Может, это и не весомый аргумент. Для кого-то. А для меня - вполне. Я могу
даже закон природы сформулировать: все, что чувствуется - существует. А
чувствуется если не все, то почти все. Правда, не всеми. И не всегда. Сейчас
мне кажется, что я не чувствую ничего. Атрофировался у меня чувственный
аппарат. Надеюсь, что не навсегда. Хотя положение такое, что чувствовать, в
общем, и нечего. Кроме возможной, надвигающейся на нас опасности. Но я и ее
не чувствую. Мои умозаключения никак во мне не отозвались. Остались чисто
теоретическими умственными предположениями. Вернее - пока остались. Что
будет через час, я не знаю. И опять же не чувствую.
Стук в дверь. Кто это может стучать? Гостиничные входят не только без
стука, но и без предупреждения. Дина стучать не станет. Значит, опять
какие-нибудь идиотские загадочные в своей бессмысленности гости.
Но нет, под дверью стоит портье. И поза у нее почтительная -
бумерангом.
- Тилифон. Вас, - говорит она. В голосе все то же почтение. Этого еще
не хватало.
Я понимаю, конечно, что теоретически мне могут позвонить. Но кому это
понадобилось? Иду к телефону. Трубка лежит на боку и шипит. Прижимаю ее к
уху.
- Алло.
- Это я, - говорит Дина. Слышимость - ужасная. Как сквозь летящий
песок. - Ты меня слышишь?
Я говорю:
- Слышу.
- Никуда не уходи, - кричит она. - Жди.
- Я жду.
Шипенье в трубке сменяют короткие гудки. Сильные и чистые. И слишком уж
частые. Кладу трубку на место. Стою. Портье стоит у меня за спиной,
поскольку я перегородил собой проход в барьере. Я поворачиваюсь к ней лицом.
Она отодвигается в сторону, уступая мне дорогу.
Что ж она меня так зауважала? Что произошло и что она знает такого,
чего не знаю я?
- Как дела?
Портье делает еще полшага назад и, улыбнувшись, застывает.

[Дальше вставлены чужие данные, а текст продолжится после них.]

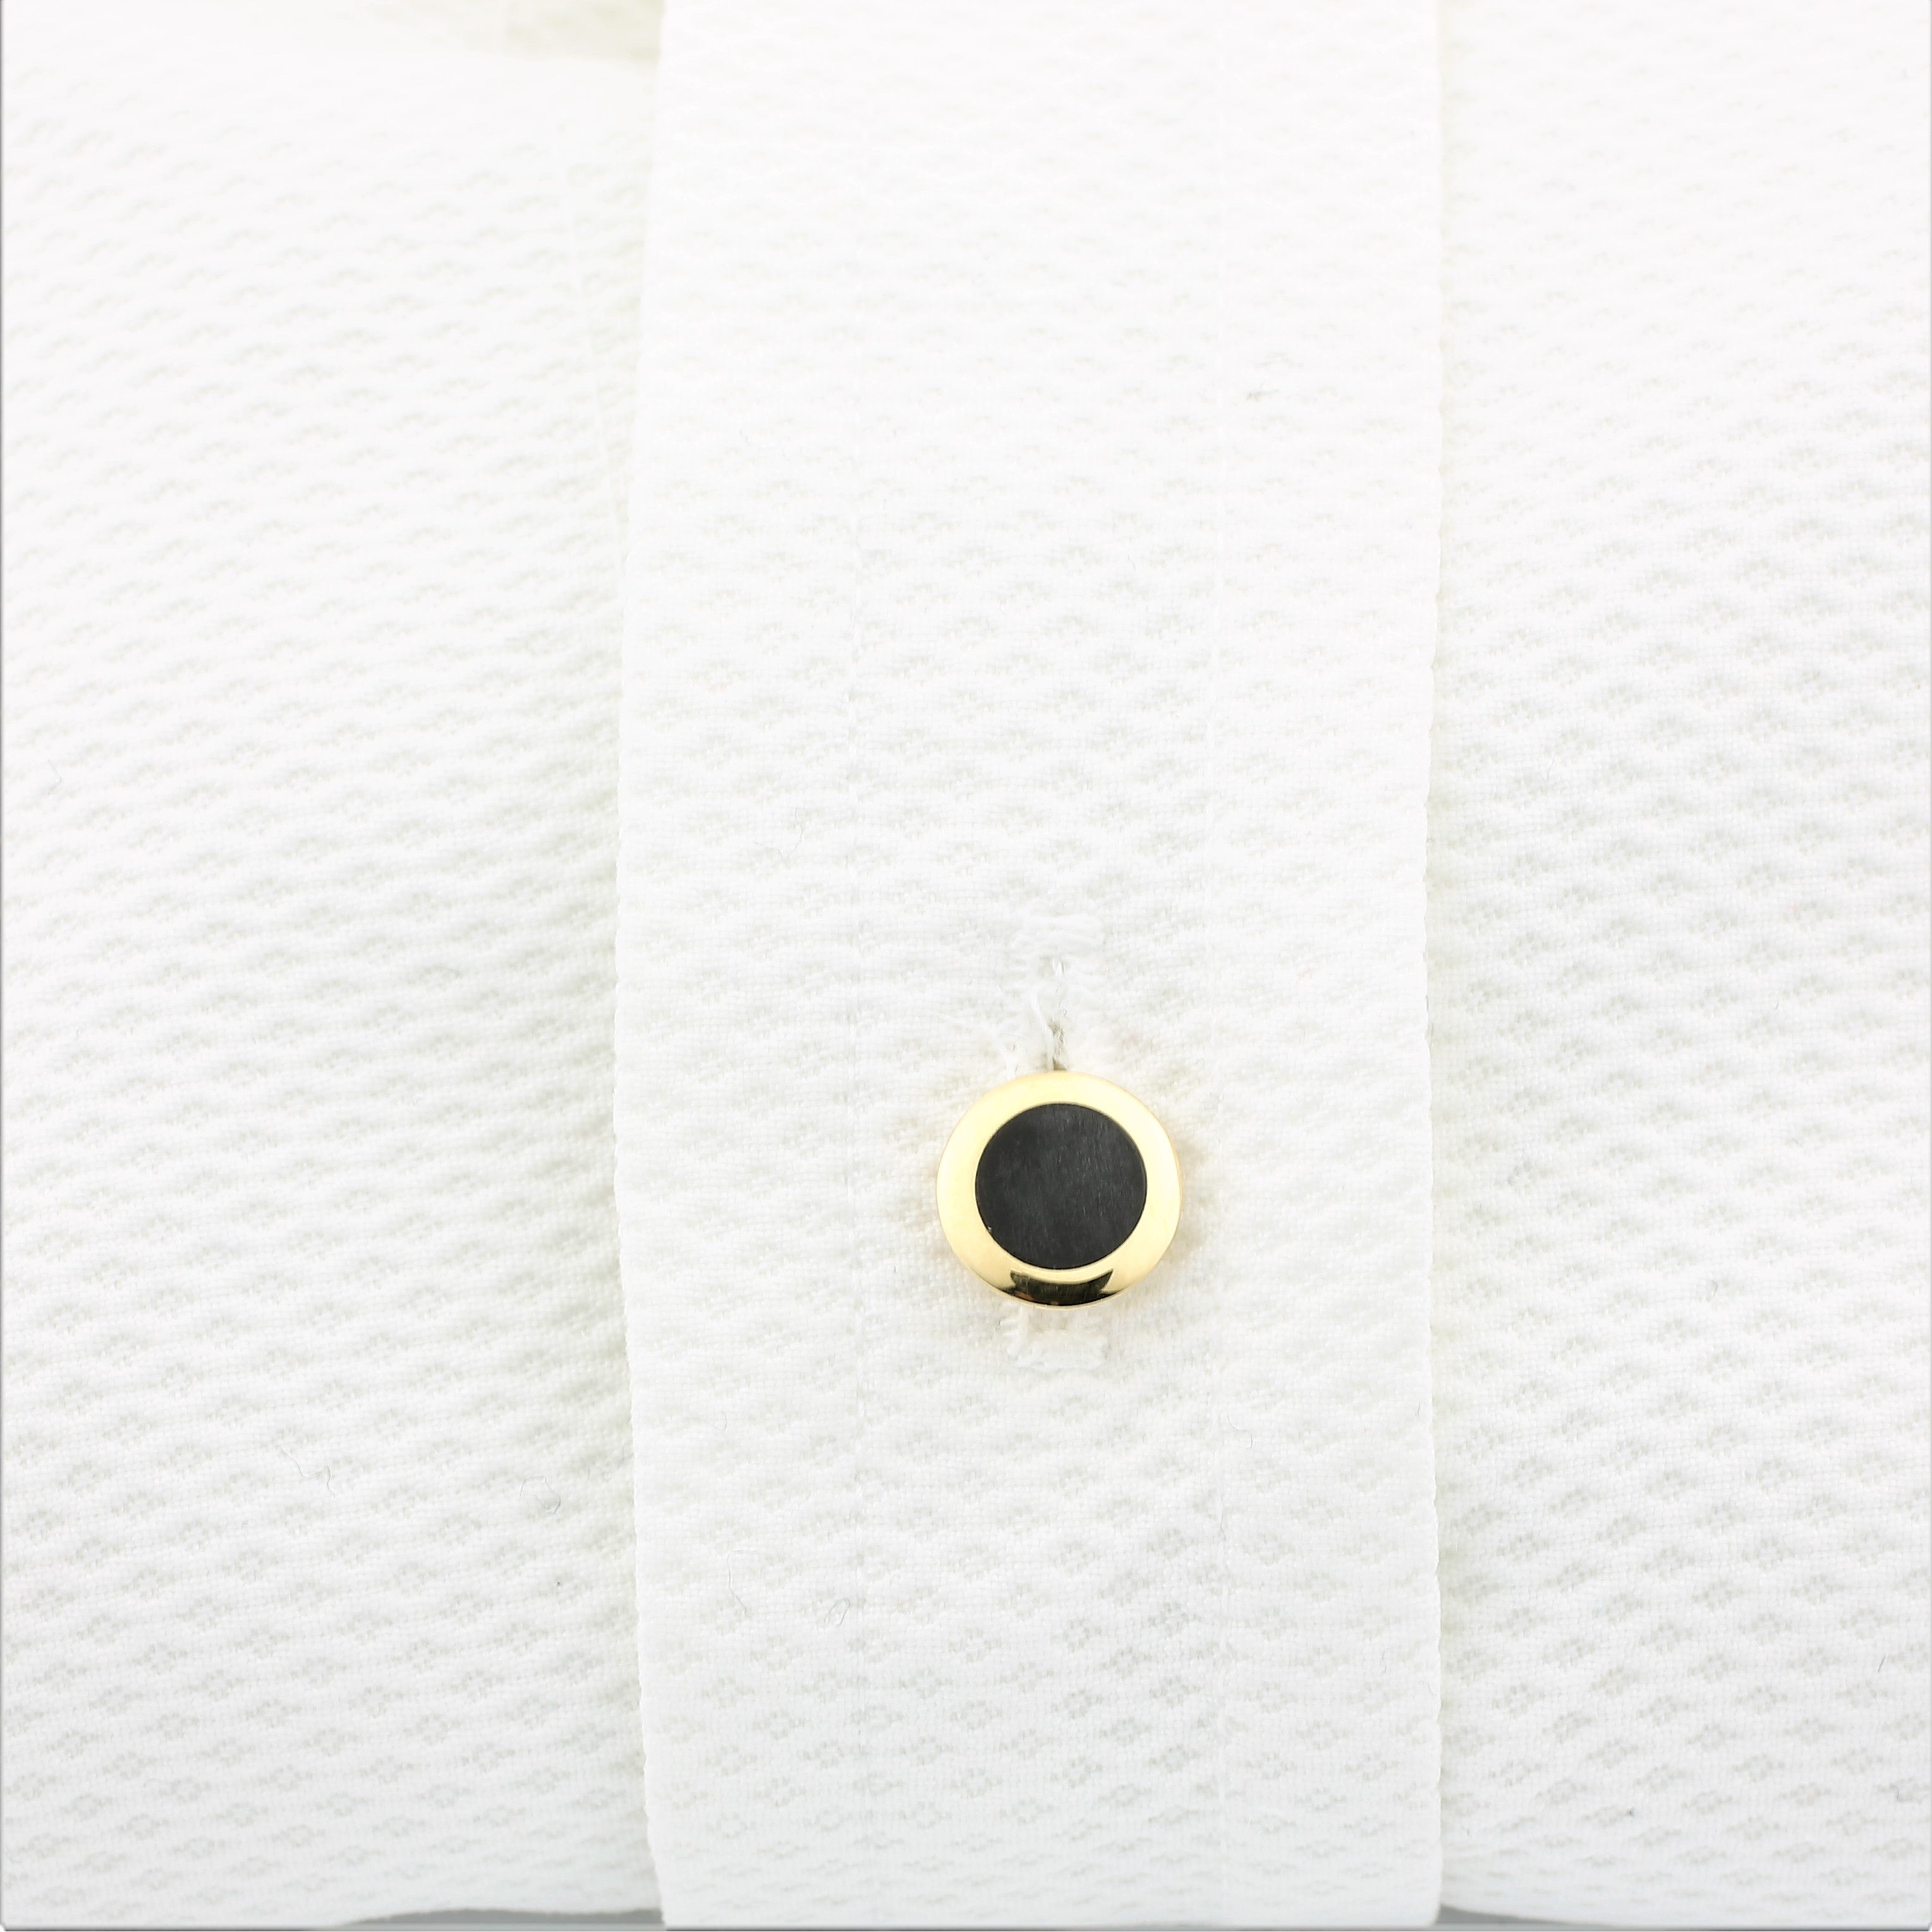 Onyx studs in 18k yellow gold in a shirt

- Что ж вы за люди такие, - говорю я. - То "виселю", то улыбаетесь,
будто с цепи сорвались.
Портье не двигается. Она в неподвижности. Тогда двигаюсь я. Двигаюсь и
иду к себе, бормоча "жди, жди, а я что делаю?"
В моей комнате стоит какой-то пацан. Стоит и смотрит на меня с
напряжением. Задрали! Как сюда попал - непонятно. То есть понятно, что
изнутри гостиницы. Где-то он тут был, и когда меня позвали к телефону,
вошел.
Я стоял и ждал. Ничего не спрашивая. Он тоже молчал. Наконец, выдавил
из себя:
- Иди-от...
- Что? - я возмутился и собрался выкинуть этого пацана за дверь.

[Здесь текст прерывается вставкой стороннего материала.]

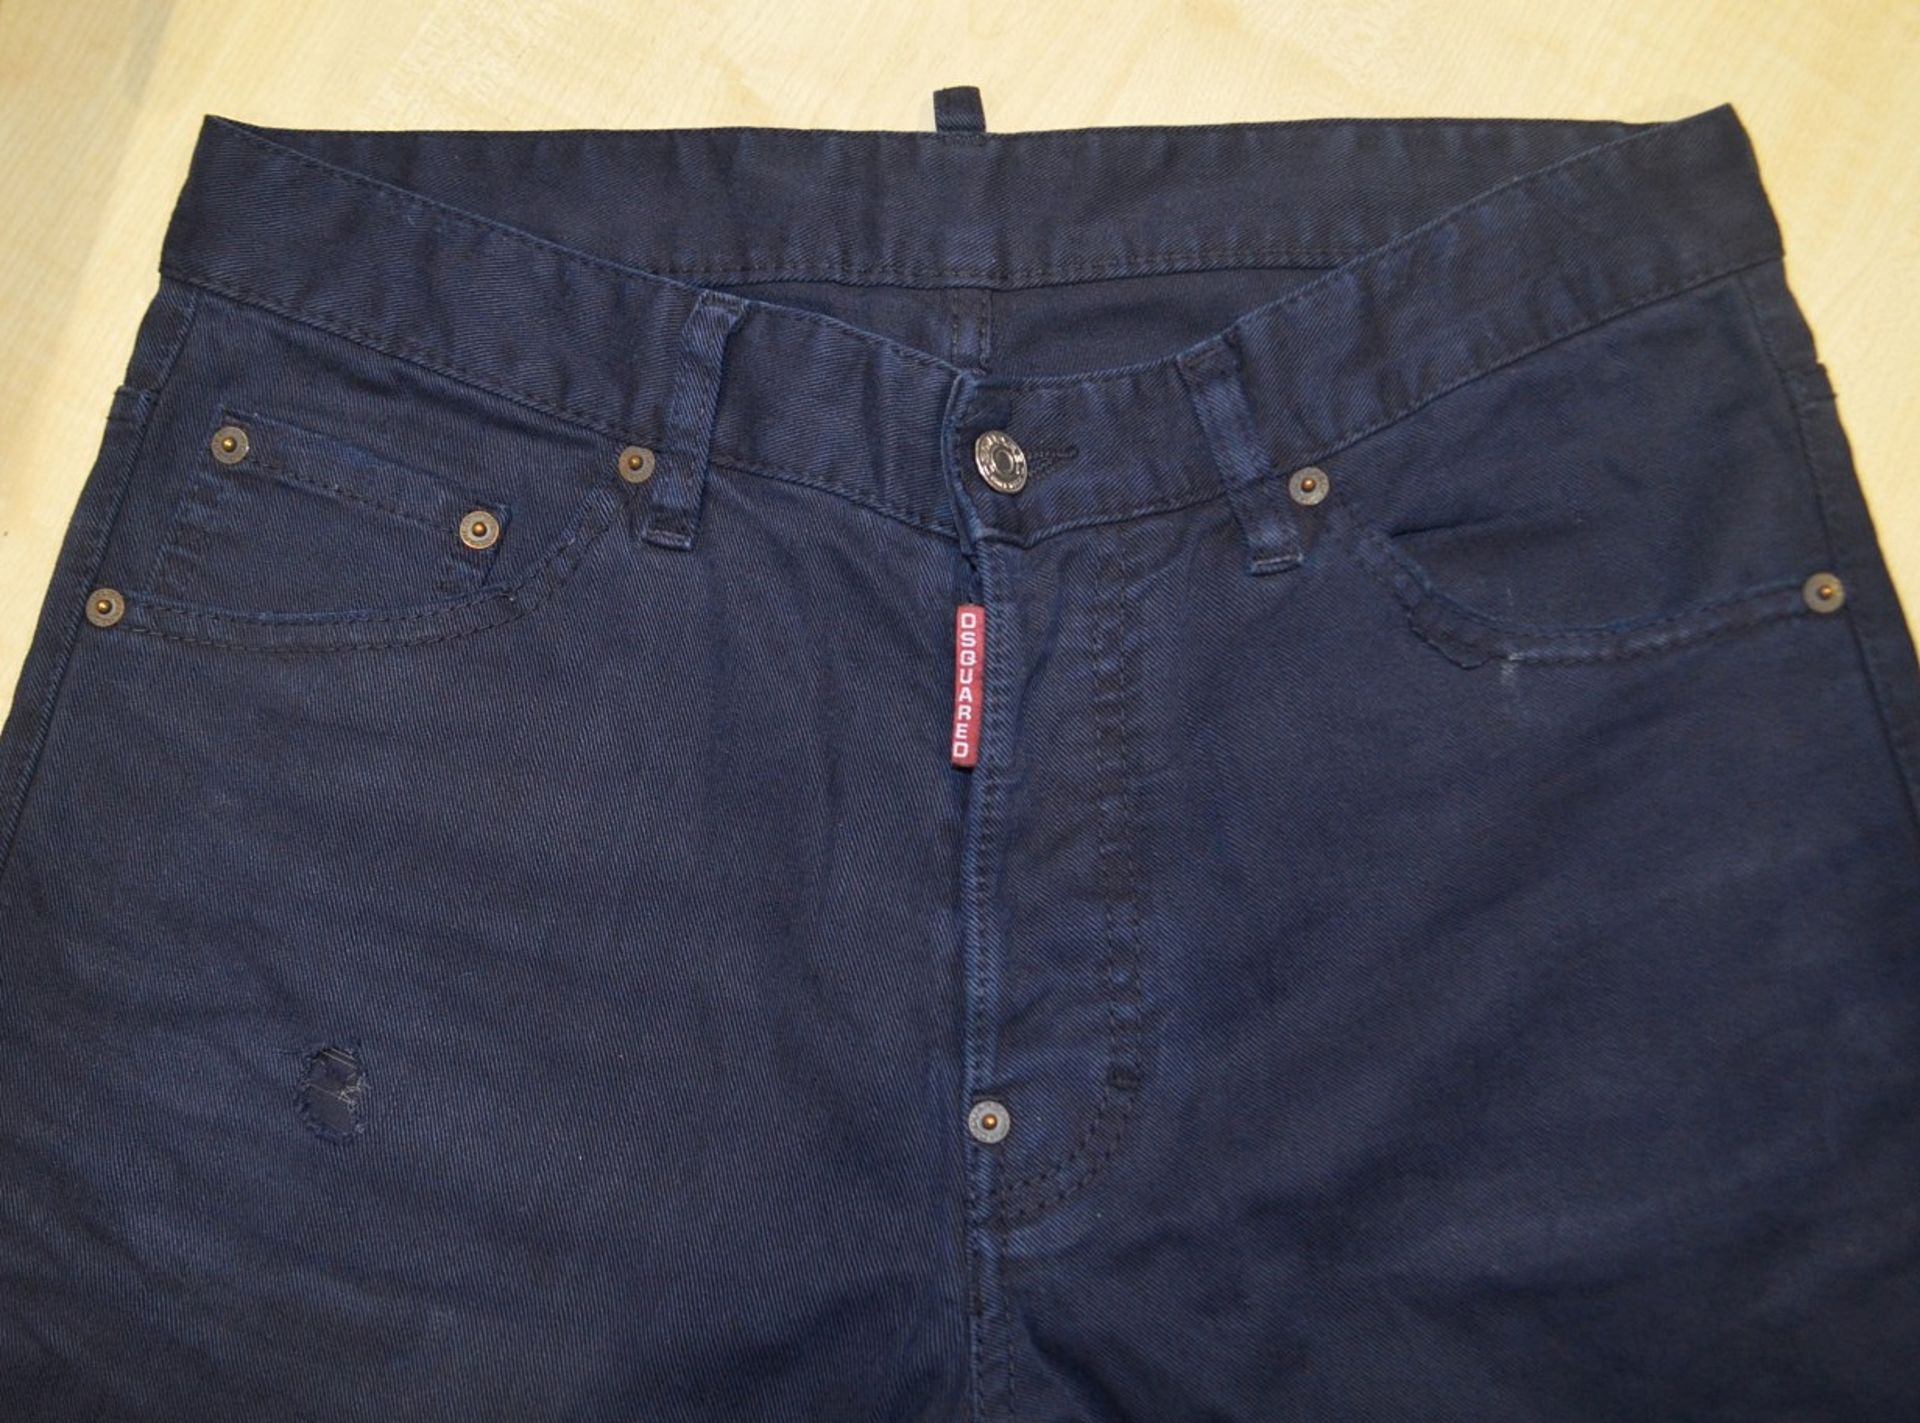 1 x Pair Of Men's Genuine Dsquared2 Designer Jeans In Navy - Waist Size: UK 30 / ITALY 46 - Preowned - Image 3 of 7

Несмотря на то, что понимал - это может оказаться себе дороже. Но пацан
напрягся еще сильнее и снова выдавил:
- Идди-от...
Выдавил, замахал головой - в смысле "нет-нет-нет" - и выпалил: - Иди
отсюда.
- Куда? - спросил я. - И зачем?
Пацан сказал:
- Нне ззнаю. Я пппредупредил.
Да, веселые похороны. Мир приключений прямо. Идти мне отсюда было,
конечно, некуда. Куда я мог уйти? Один. Без Дины. Никуда не мог. Значит,
оставалось не обращать на этого заикающегося пацана внимания. И на слова его
изуродованные - тоже не обращать. Забыть. И ждать. Дина ведь сказала - жди.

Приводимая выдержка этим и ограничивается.